Could you retype all of the entries exactly, without their pictures?
== Segment start ==
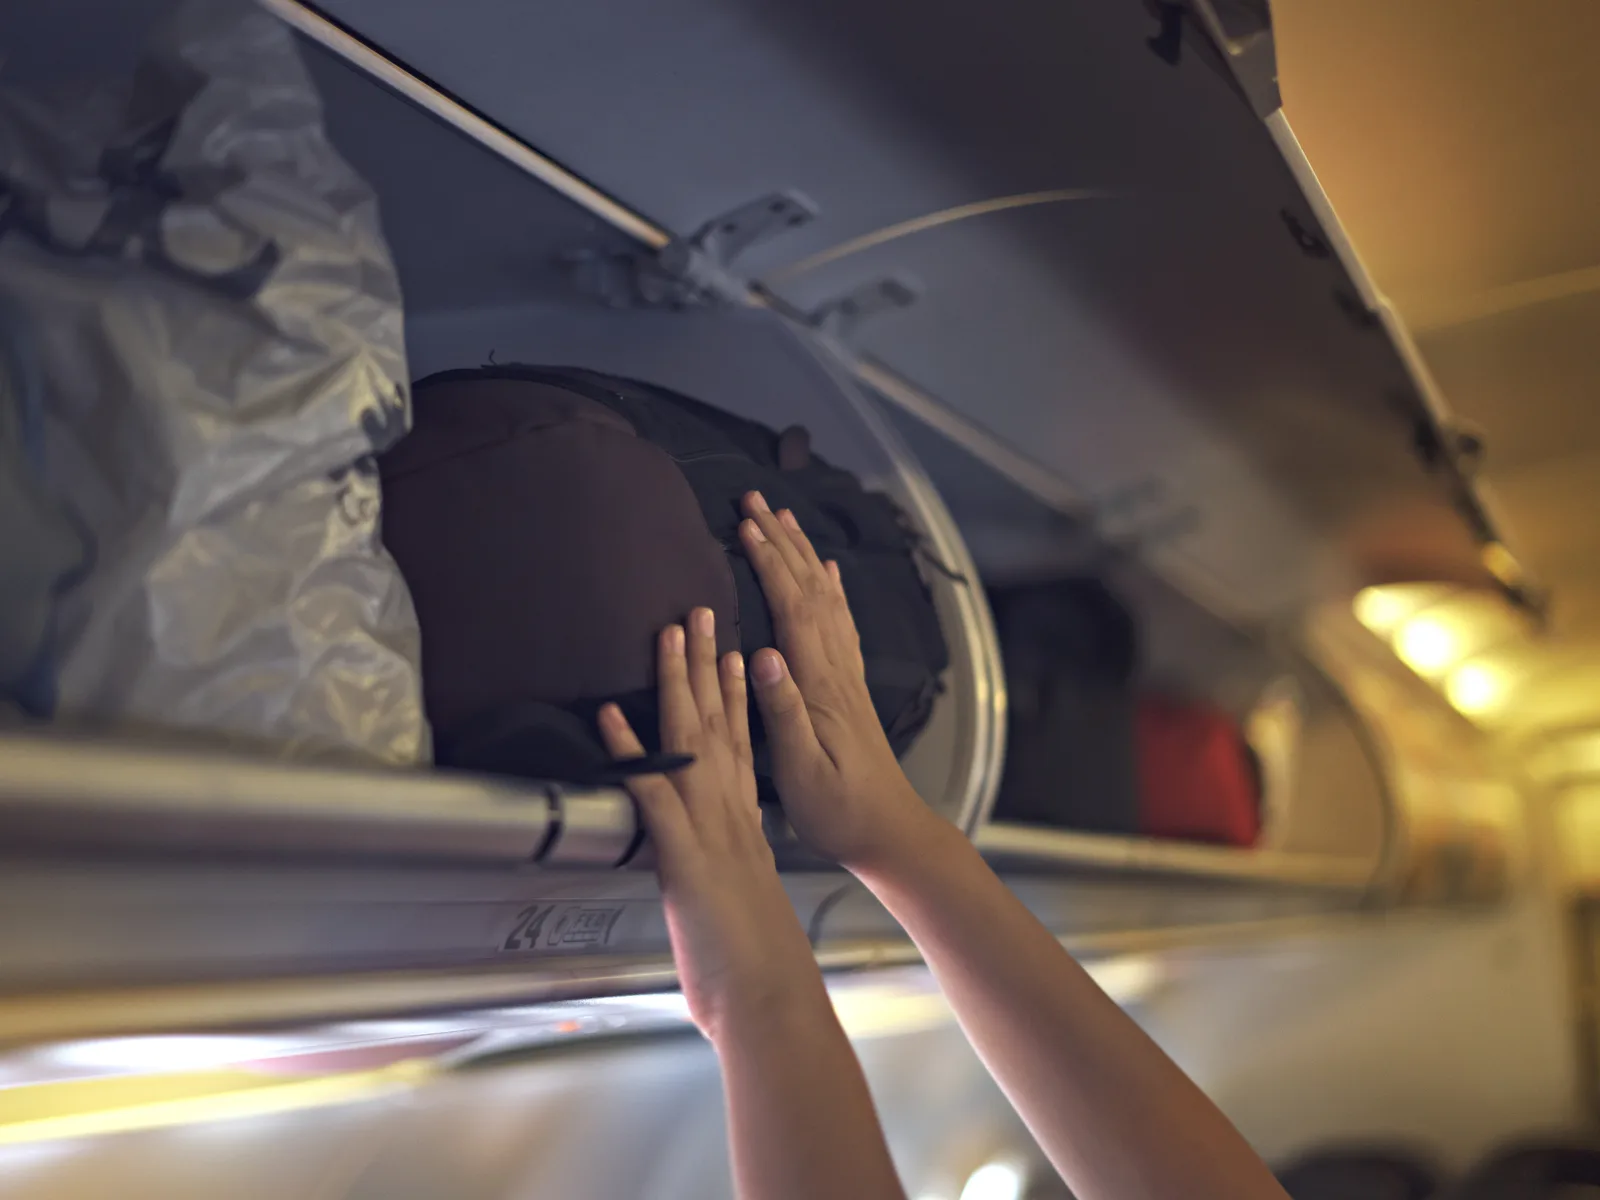 Person loading one of the best carry-on backpacks into an overhead bin in an airplane
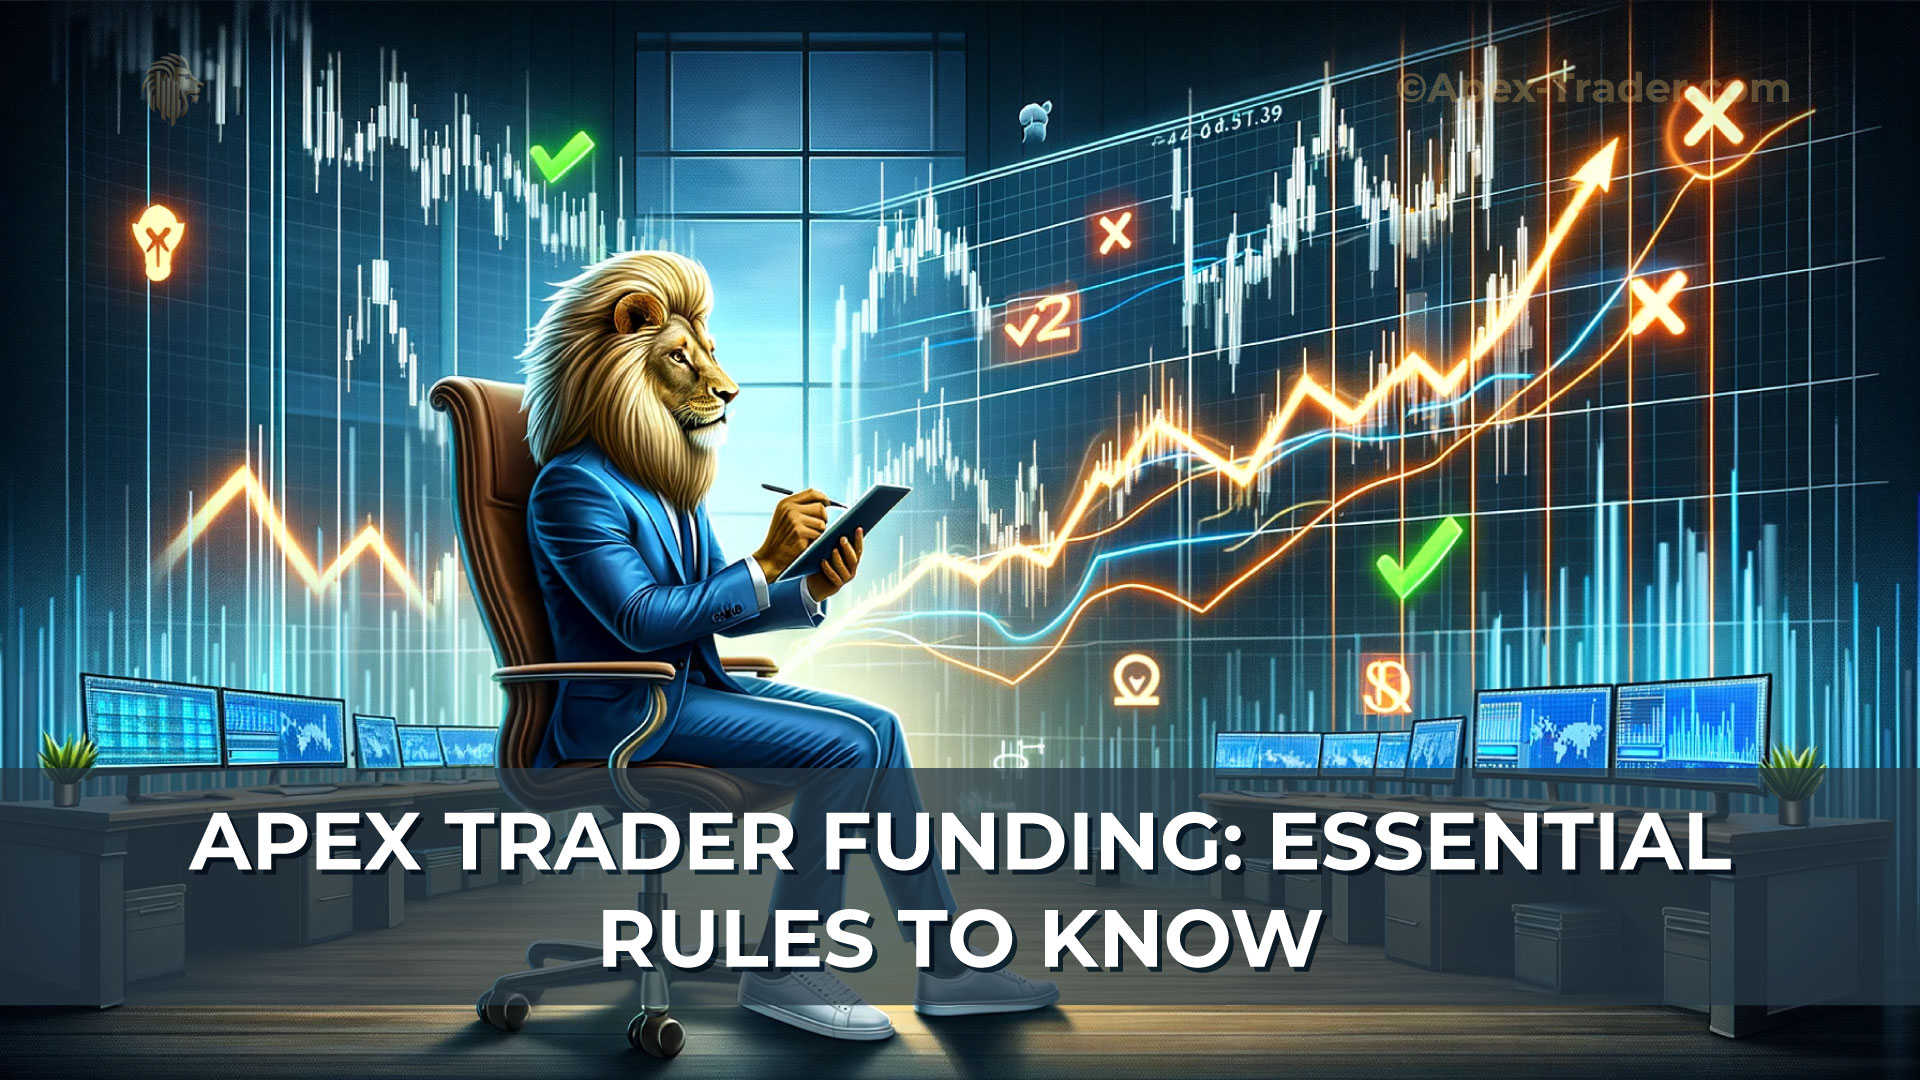 Apex-Trader-Funding-Essential-Rules-to-Know-On-Apex-Trader-Website
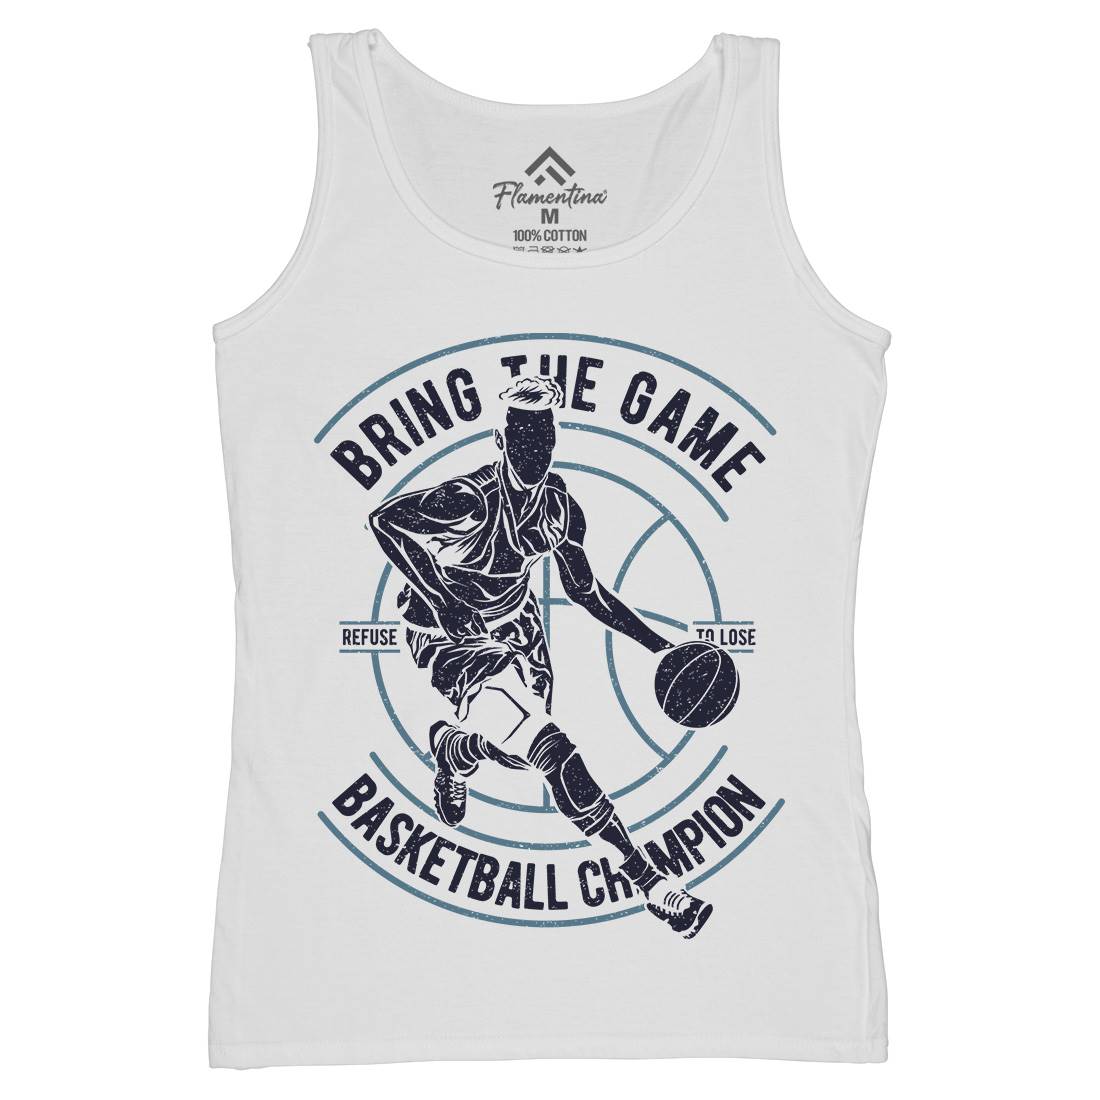 Bring The Game Womens Organic Tank Top Vest Sport A627
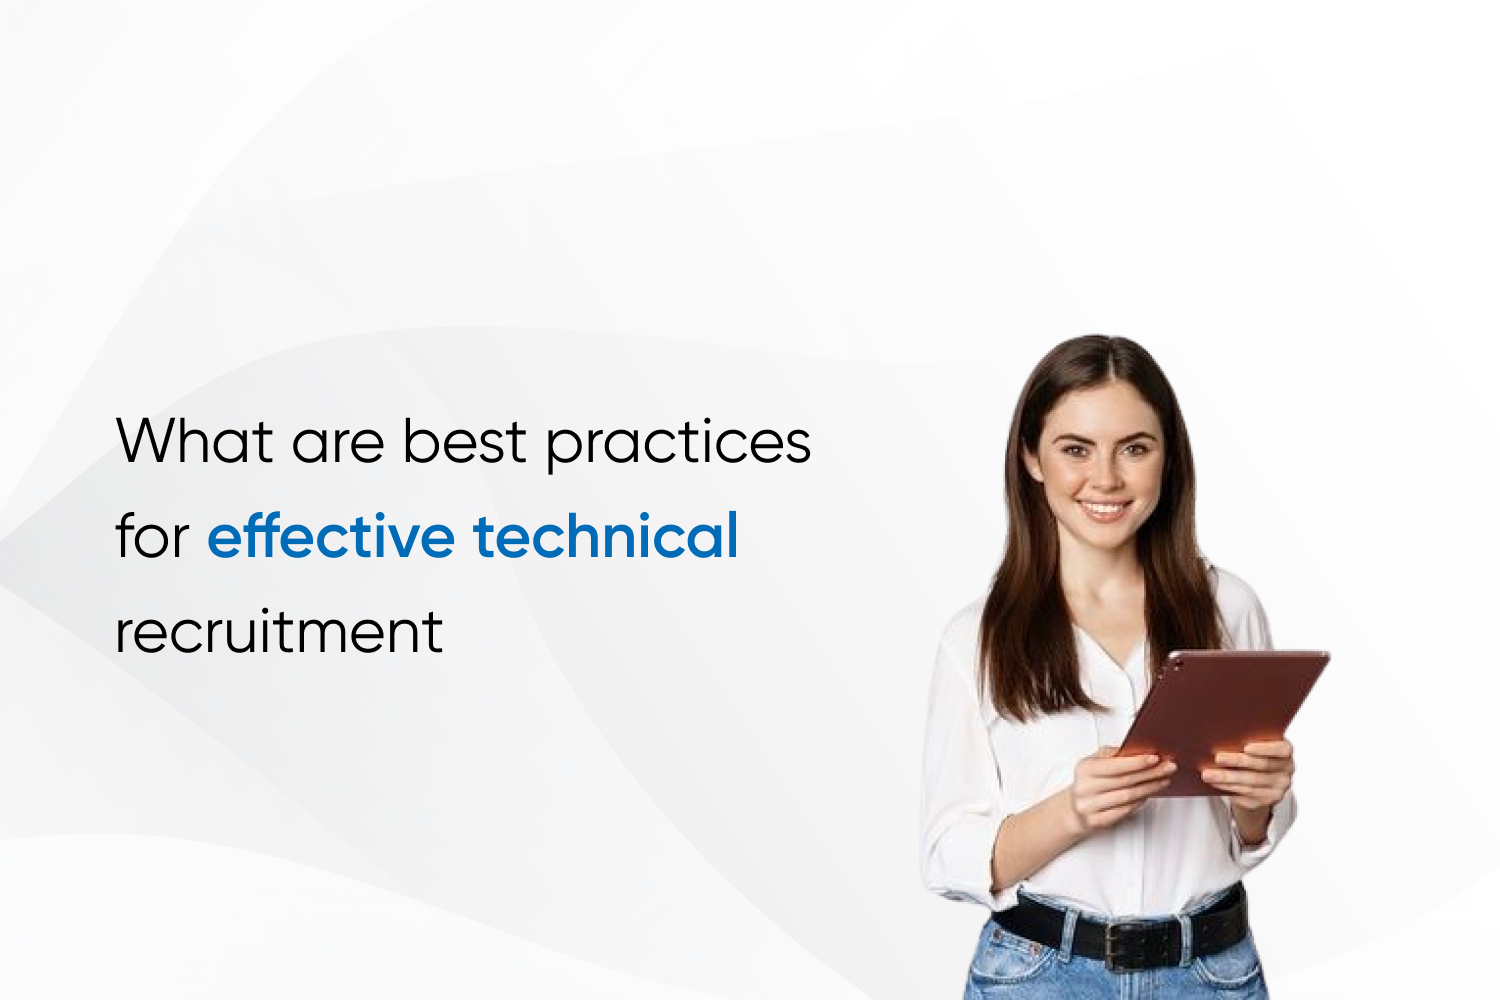 What are best practices for effective technical recruitment
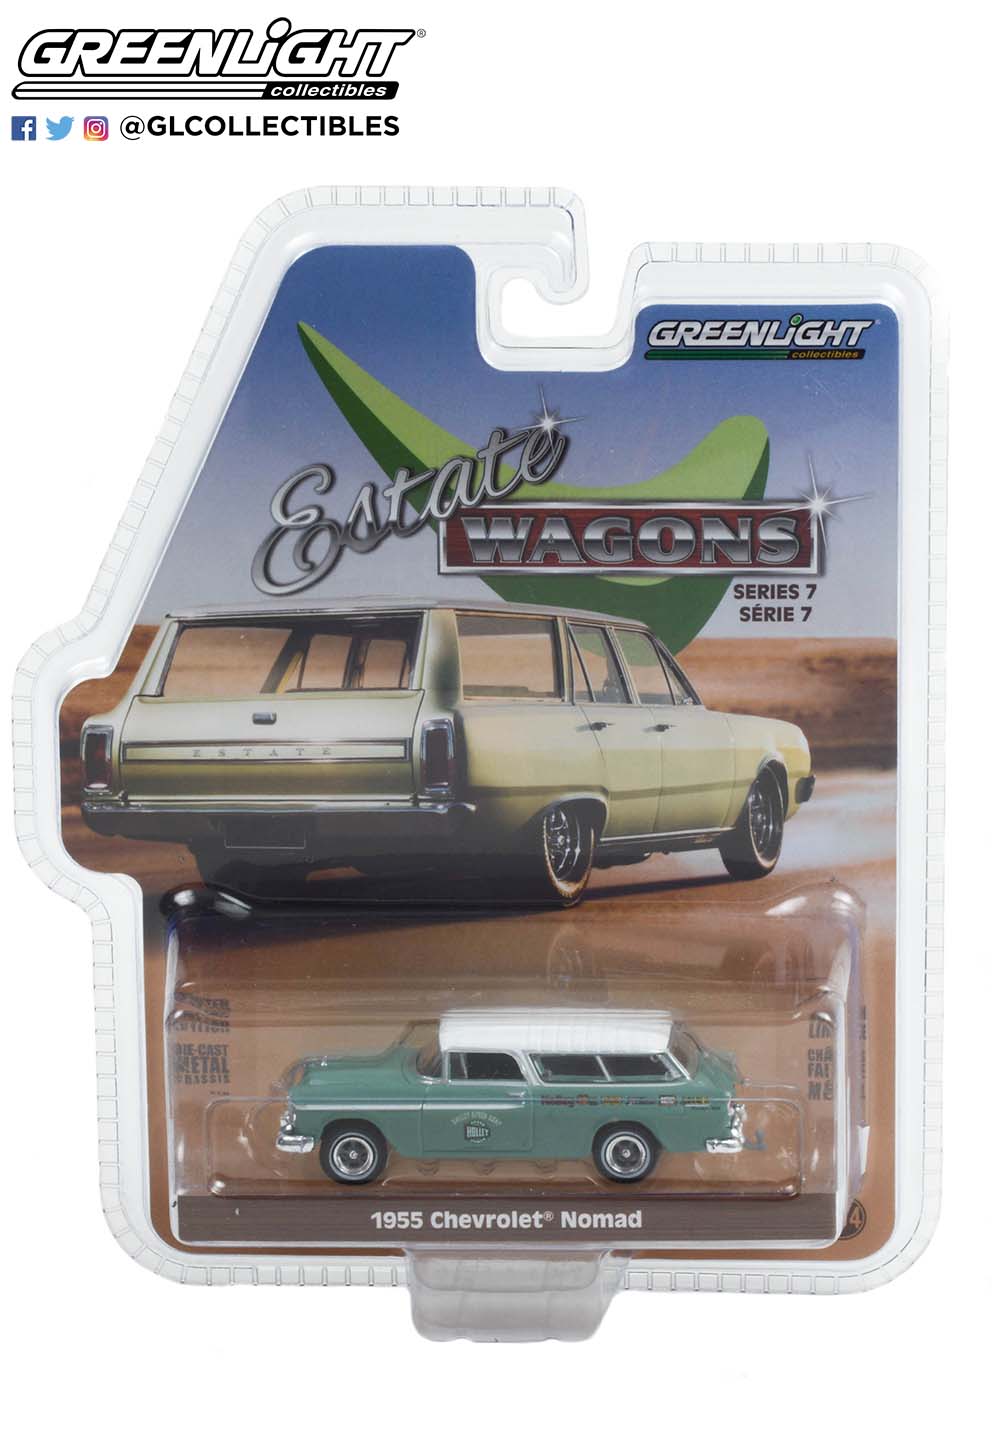 GreenLight 1:64 Estate Wagons Series 7 - 1955 Chevrolet Nomad - Holley Speed Shop 36040-A
== Segment end ==
Solution to the problem:
 Person loading one of the best carry-on backpacks into an overhead bin in an airplane
 Apex-Trader-Funding-Essential-Rules-to-Know-On-Apex-Trader-Website
 Bring The Game Womens Organic Tank Top Vest Sport A627
 What are best practices for effective technical recruitment
 GreenLight 1:64 Estate Wagons Series 7 - 1955 Chevrolet Nomad - Holley Speed Shop 36040-A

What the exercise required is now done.